Throughout my career as a podiatrist, I have consistently utilized this knowledge to provide my patients with numerous pairs of prescription orthotics that effectively alleviated a wide range of foot-related issues.
Interestingly, I never permitted my assistant to take mold impressions of the feet, whether using plaster or fiberglass socks. I assumed full responsibility for the entire process of prescribing orthotics. If any errors were made, it was my fault, and the orthotic laboratory promptly corrected them when necessary.
As a podiatrist well-versed in biomechanics and skilled in taking mold impressions, during my years at Scholl, I accepted the significant number of castings that were destroyed in the hands of Dr. Petrov due to incorrect impressions on my part. However, I believe that this was an essential part of the learning process. Regrettably, many podiatrists today minimize this training and education, delegating it to assistants and dismissing it altogether. This practice extends to various aspects of foot care, but that is a topic for another day.
I recognize that Dr. Petrov is currently serving as the President of the National Board of Podiatric Medical Examiners. I hope that he will continue to prioritize the inclusion of our profession’s expertise in biomechanics in the exam curriculum.
Dr. Jacobs presents a compelling and often contentious perspective on the podiatric profession, drawing upon historical context and its current state. His quote from Charles Dickens’ “A Tale of Two Cities” resonates deeply with our profession’s identity.
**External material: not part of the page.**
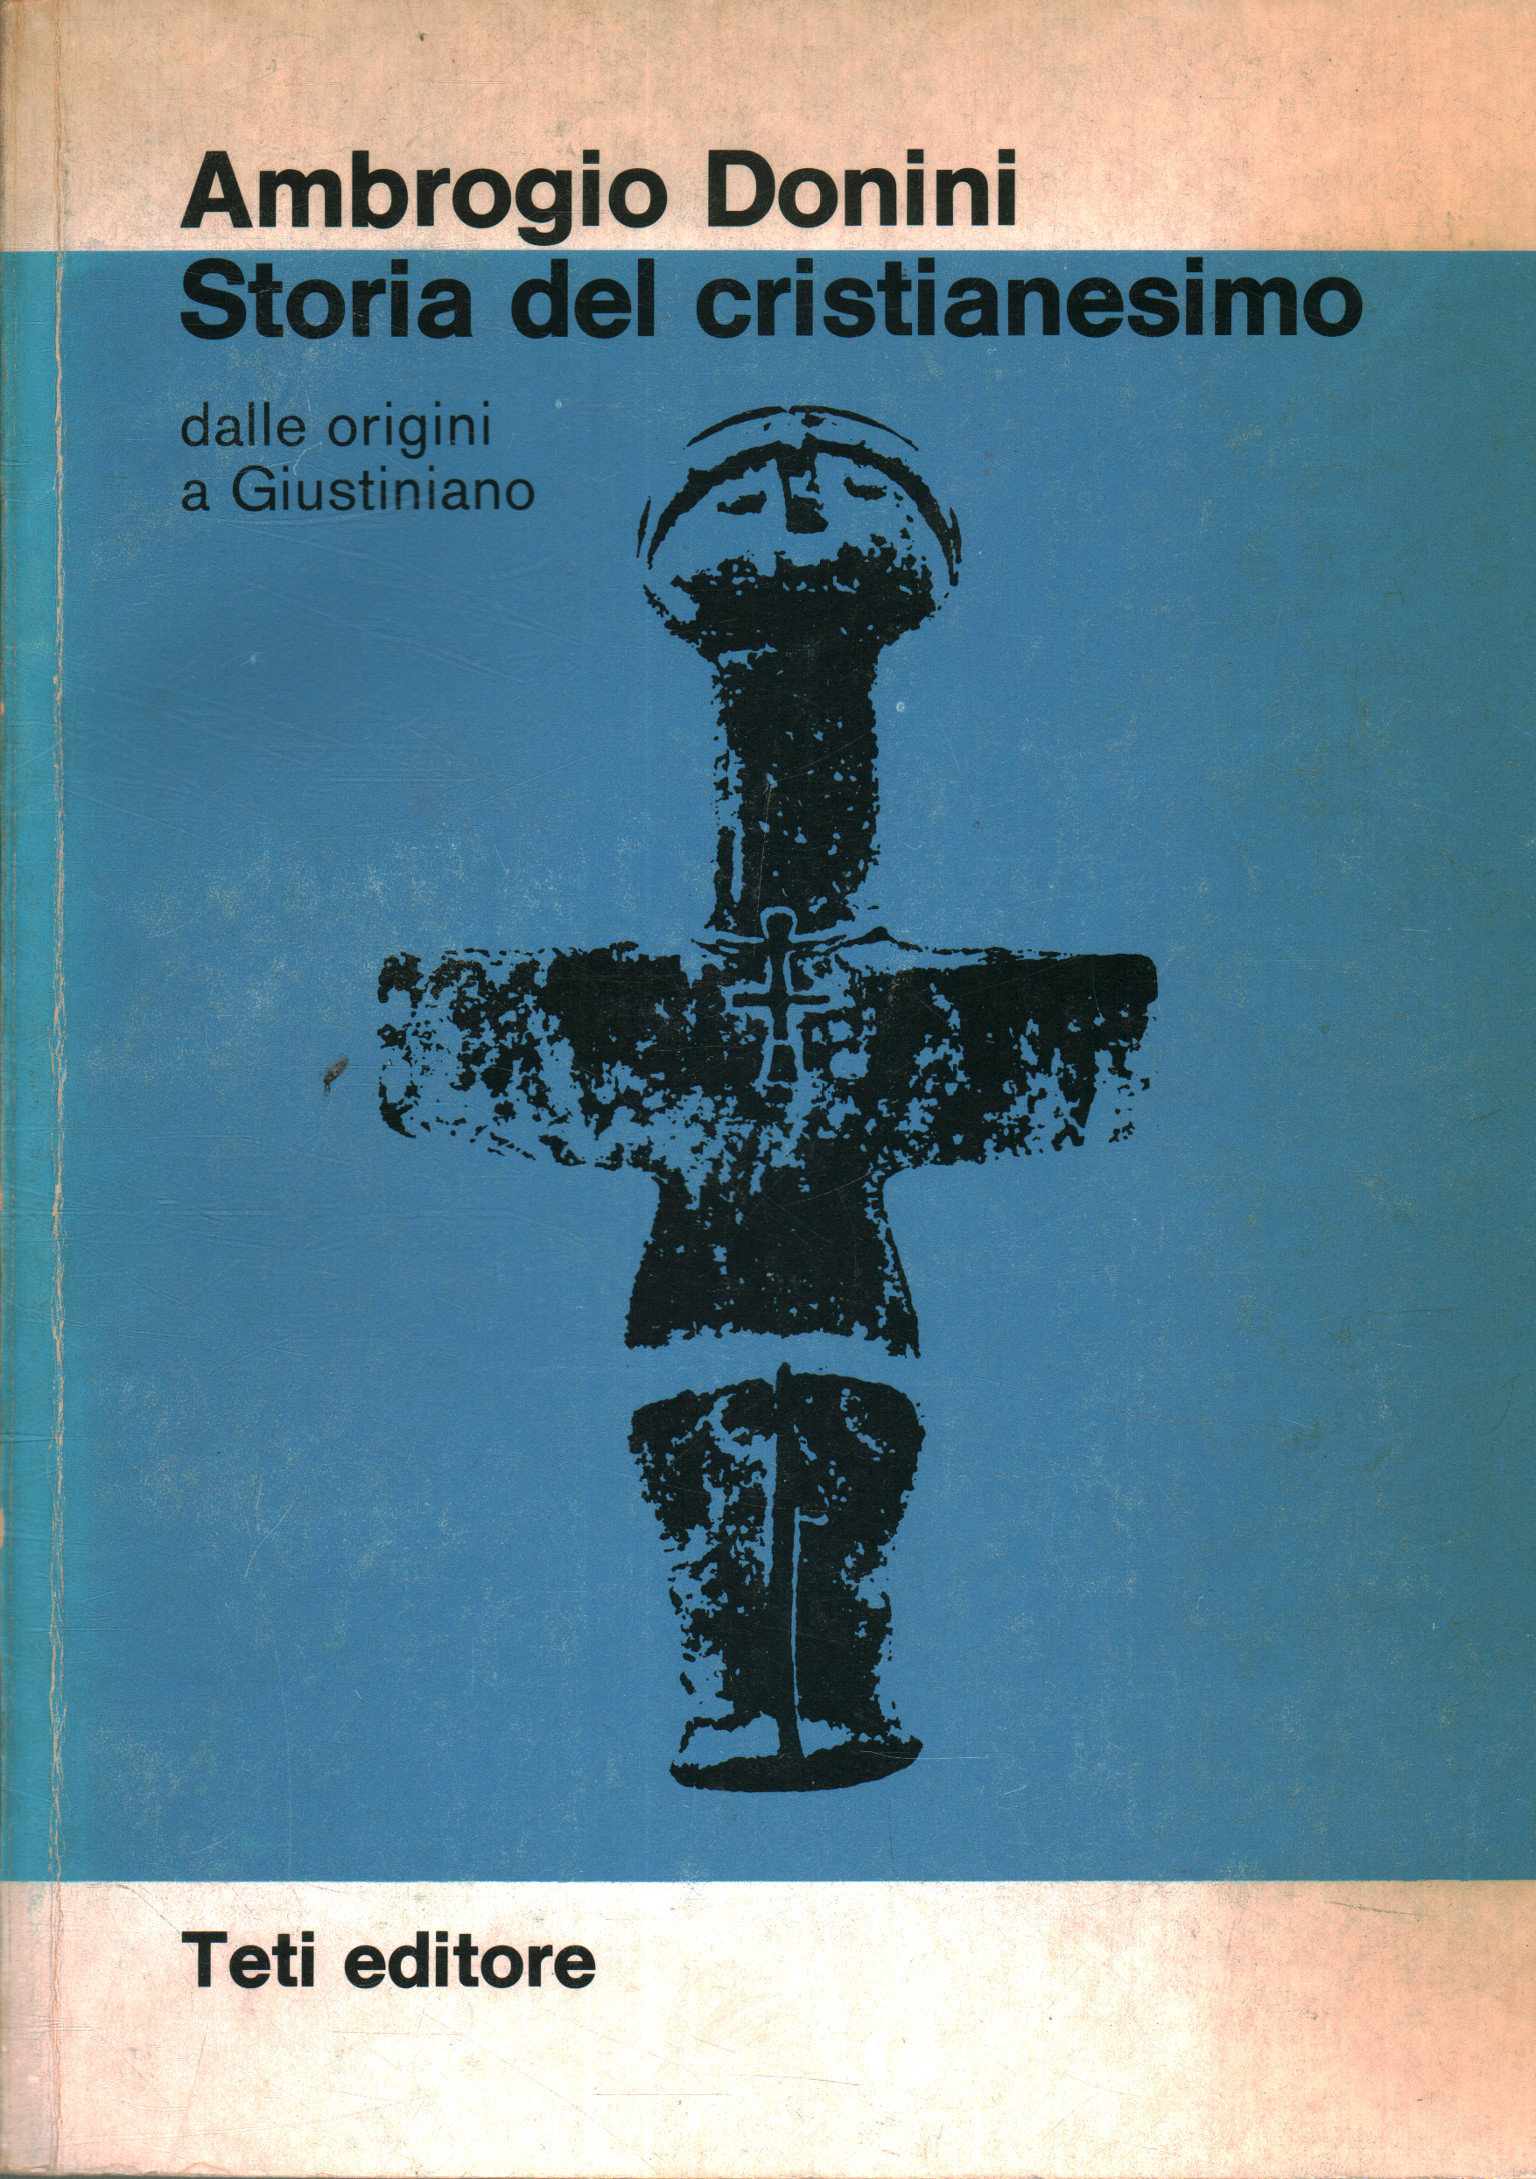 Storia del cristianesimo, Ambrogio Donini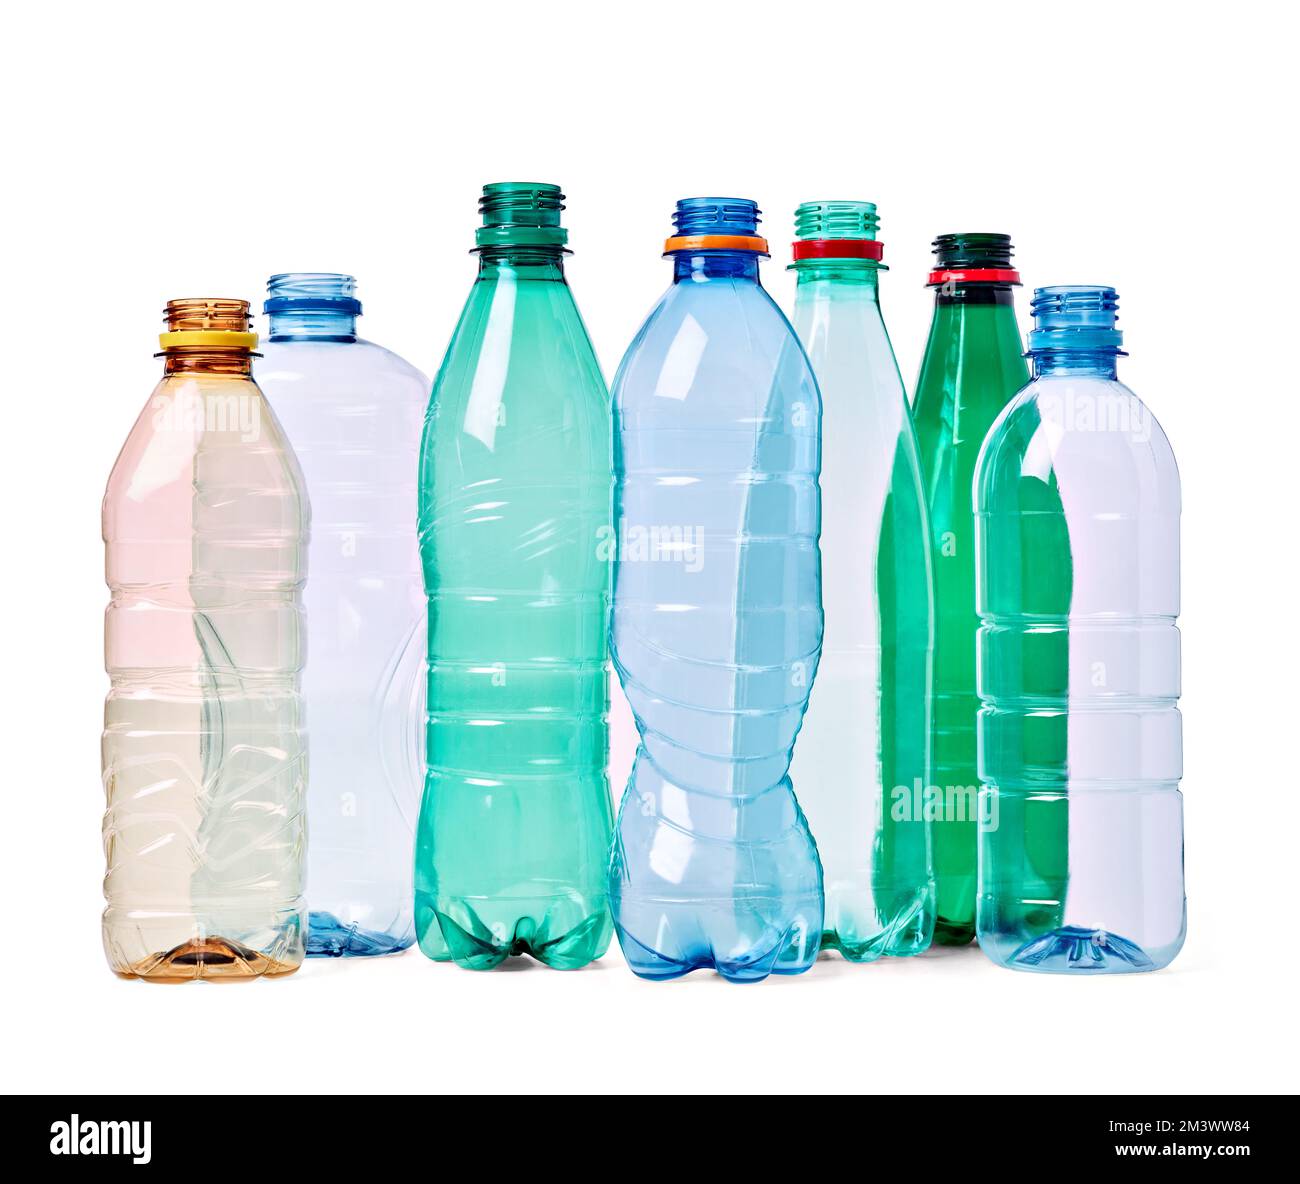 bouteille en plastique vide conteneur de recyclage transparent environnement de l'eau boisson poubelle Banque D'Images

Regrettably, the future of medicine appears uncertain. Several factors contribute to this bleak outlook, including the ongoing decline in insurance reimbursement, the displacement of private practice by corporate entities in hospitals, healthcare facilities, and supergroups, and the escalating cost of medical school tuition, which takes years to recoup.
The future trajectory of podiatry remains uncertain. We may transition to a dual degree program, establish foot and ankle surgery as our primary focus (parallel to our current three-year residency and fellowship training), or fully embrace artificial intelligence and its potential. These are indeed “the best of times and the worst of times.”